# Finally finished writing my book!!!!!



## shakari (Feb 24, 2010)

Folks, 
I've finally finished my ebook entitled How to become a Professional Hunter in Africa and its available here: How To Become A Professional Hunter In Africa :: eBook

We do plan a hardcopy version as well but that won't be ready for a while yet.


----------



## youngdon (Mar 10, 2010)

Congratulations!! Writing a book is quite an accomplishment. Be sure to keep us posted when the hard copy comes out.


----------



## shakari (Feb 24, 2010)

Ain't that the truth.... I've done a fair bit of article writing for various magazines but I found writing an entire book was completely different and a helluva lot harder!

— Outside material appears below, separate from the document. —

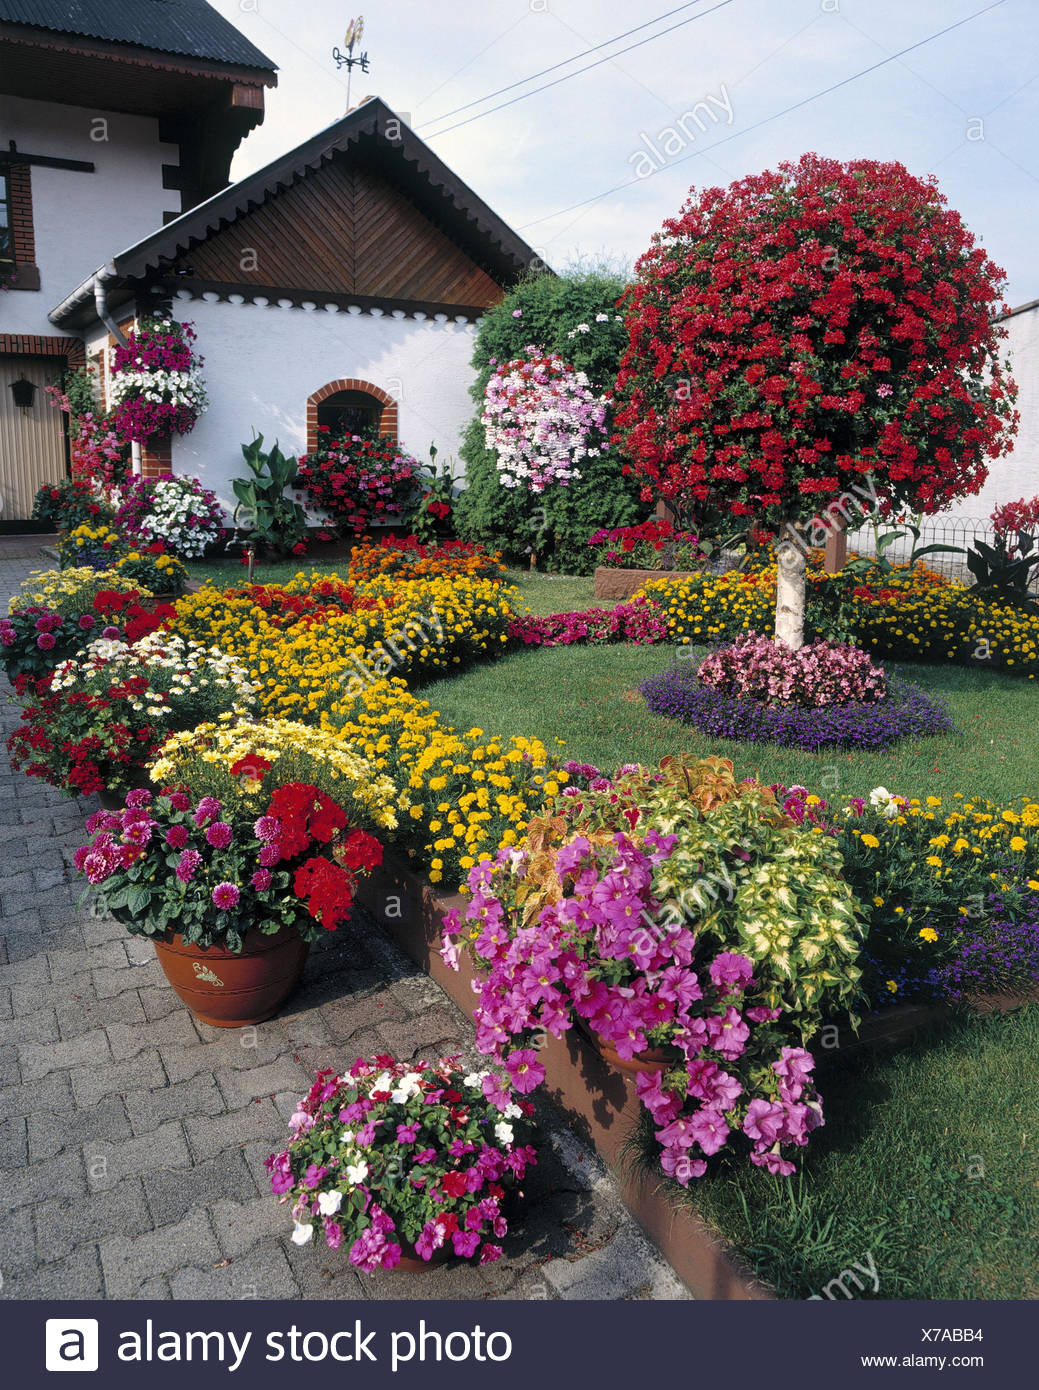 france alsace residential house garden floral decoration europe la france rpublique franaise alsace alsace front garden nature flowers garden - House Garden Decoration

I've gotta say, I'm very pleased with the end result and just hope the readers enjoy it as much as the reviewers did!


----------



## shakari (Feb 24, 2010)

We're still waiting for some of the full reviews but the first one has just arrived and as I'm going away for a few days tomorrow, I thought some of you guys might be interested in seeing it.

Review by John Wilkes.

Unique is a much used and inappropriately applied word, but it certainly describes this fascinating e-book by Steve Robinson of Kuduland Safaris.

Steve was born in the south of England. Like many of us his earliest exposure to African hunting was through the works of such legendary figures as F.C. Selous and JA.Hunter and the more contemporary writing of Ruark et al. Never suspecting where it would take him Steve hunted Africa for the first time in his early twenties. His subsequent meeting and friendship with the late Vivian L. Good PH, changed his life for ever.

A period of apprenticeship under Mr. Good and training with the doyen of African PH schooling, Ian Goss, set Steve on the path to becoming a successful PH and outfitter. Some thirty years on and having hunted both plains and dangerous game professionally in seven African Nations, Steve has produced this book to  answer the many queries he gets from would be PH students from around the world.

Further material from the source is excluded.